• _Problem description_
Using only the entries below, output the lines starting at the one containing "Crucast: Xoyo Residency" and ending at the one containing "Michael Jordan ready to catch the ball", exactly and inclusive of both, omitting the pictures.
Records for the task START
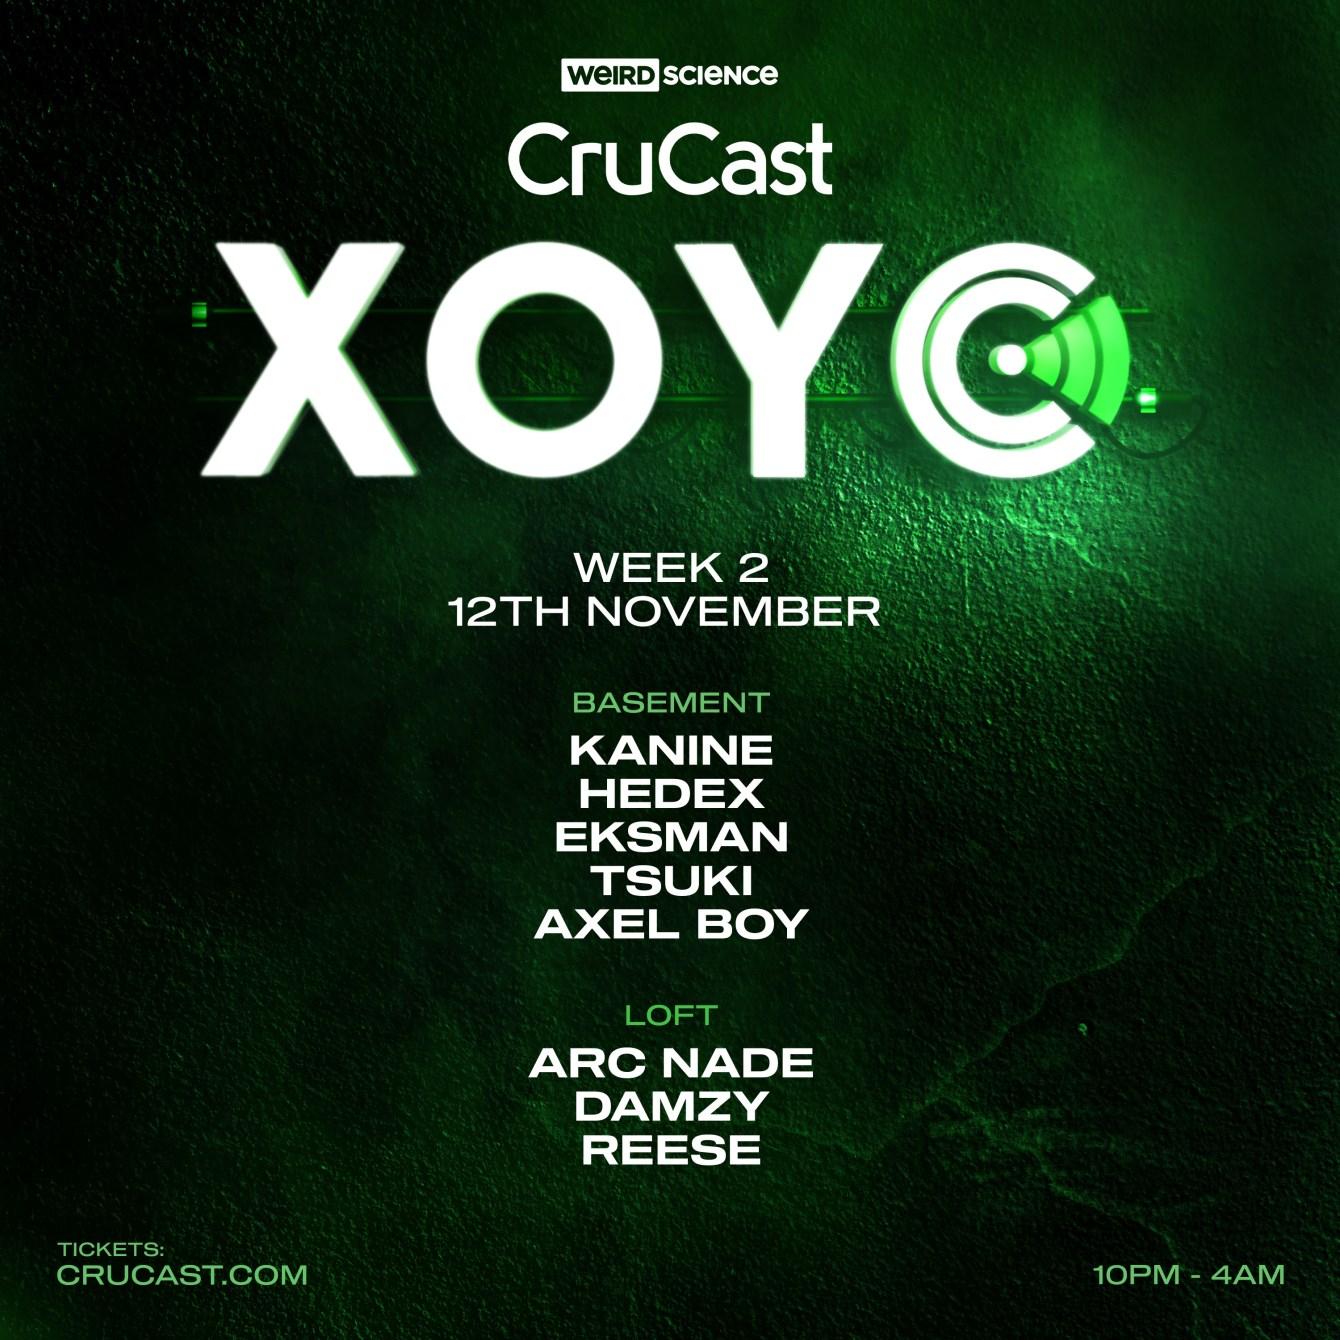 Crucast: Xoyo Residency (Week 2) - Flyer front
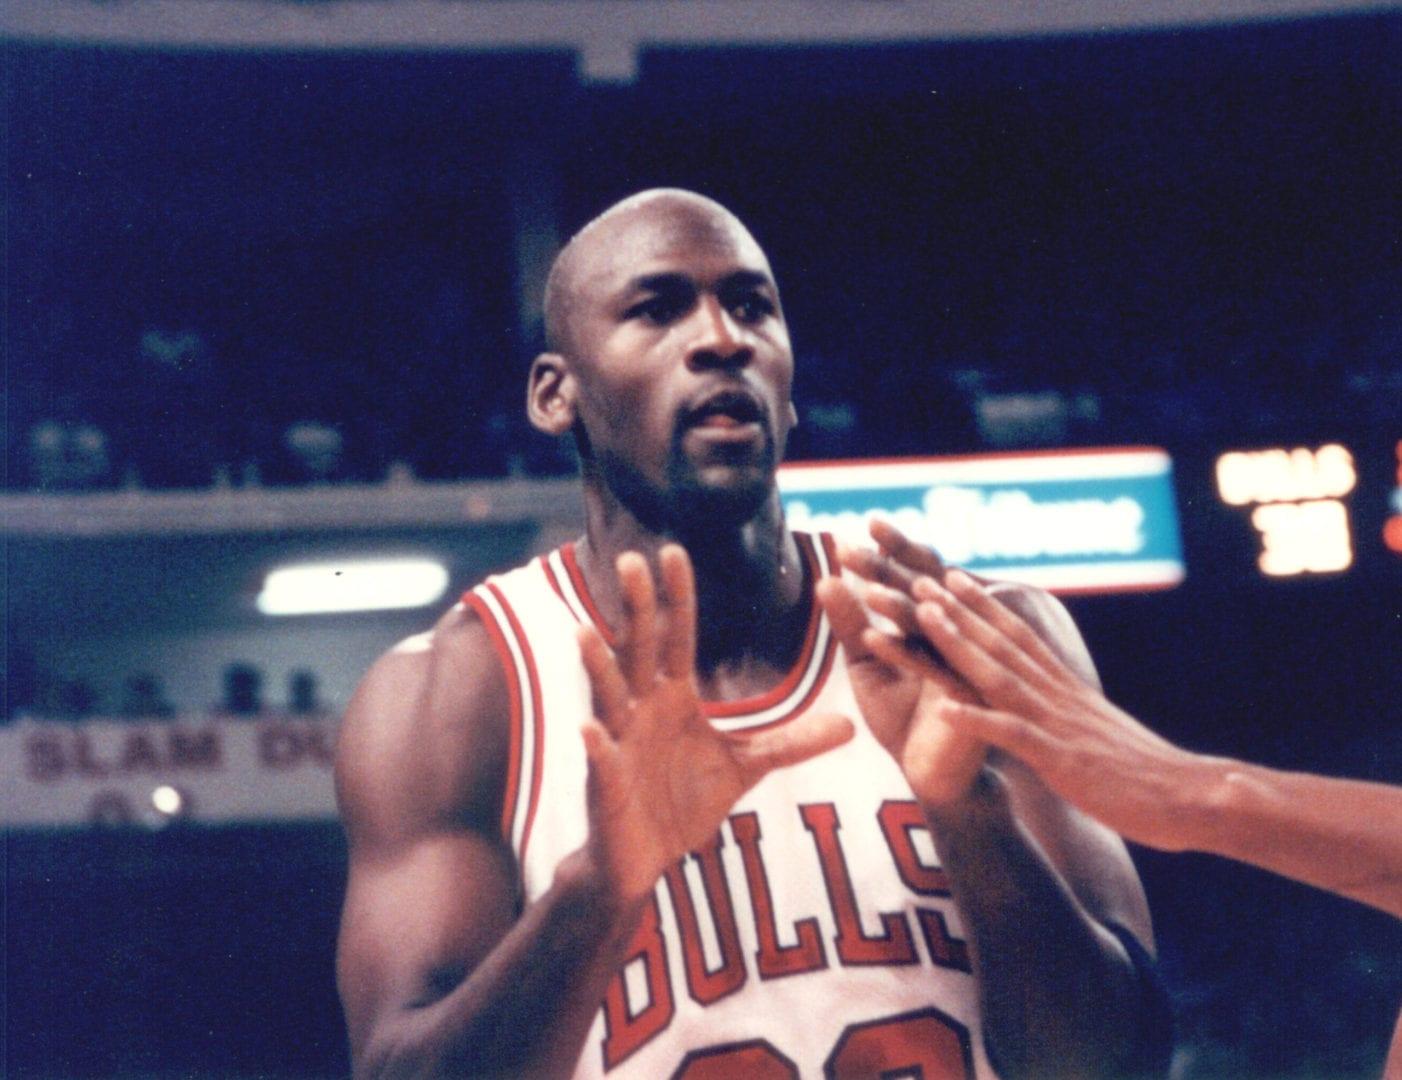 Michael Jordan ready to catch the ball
Records for the task END
Records for the task START
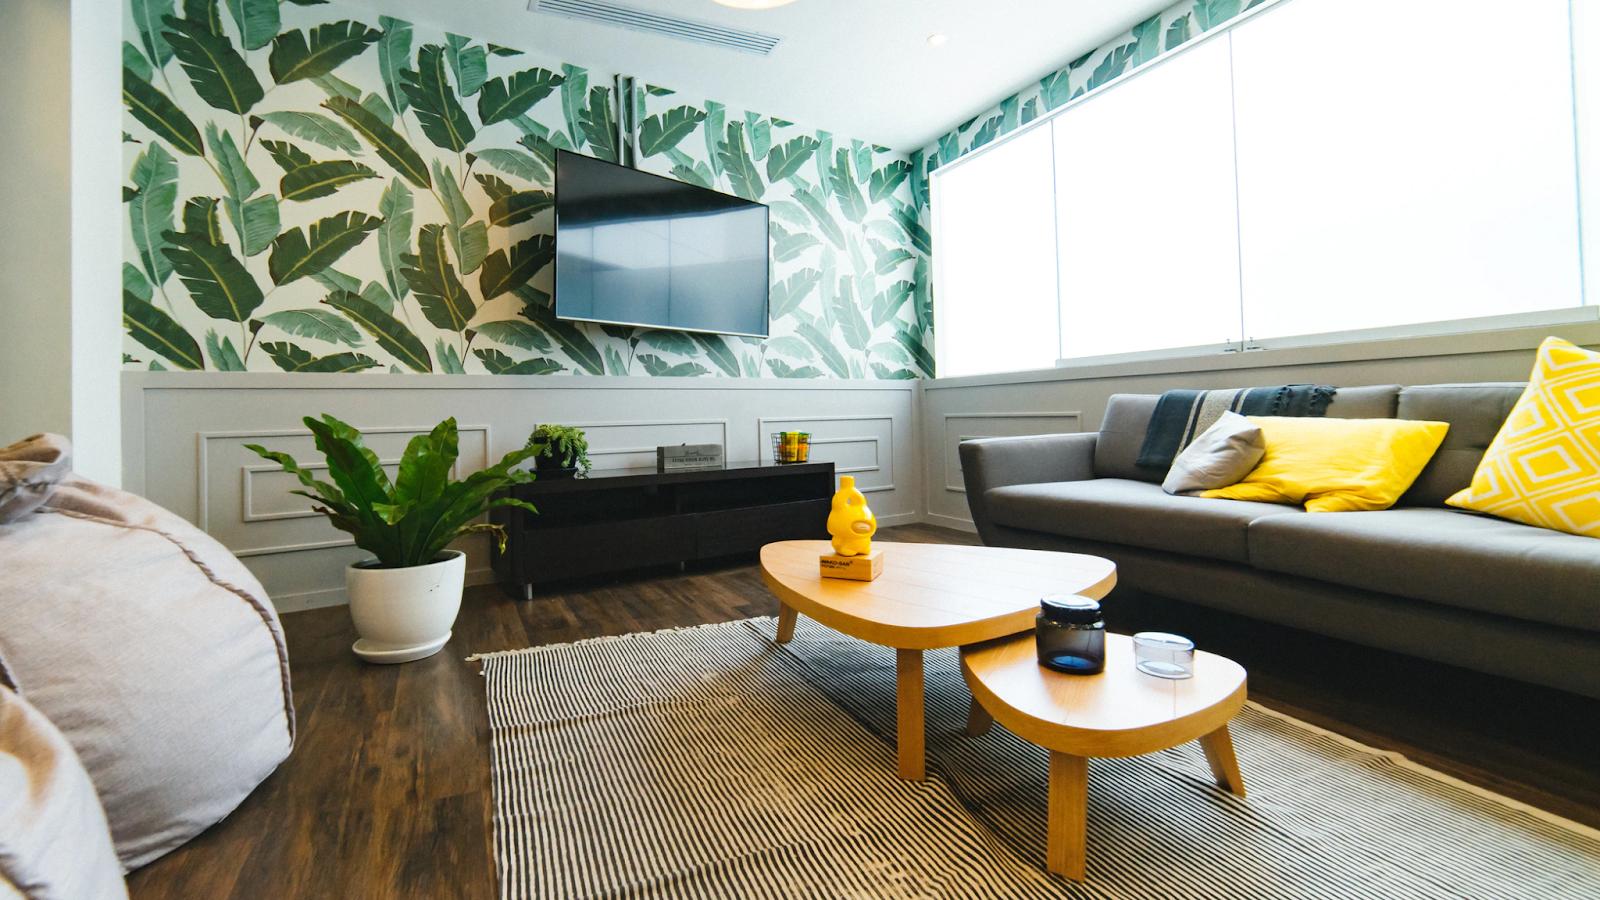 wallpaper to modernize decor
Records for the task END
• _Result_
 Crucast: Xoyo Residency (Week 2) - Flyer front
 Michael Jordan ready to catch the ball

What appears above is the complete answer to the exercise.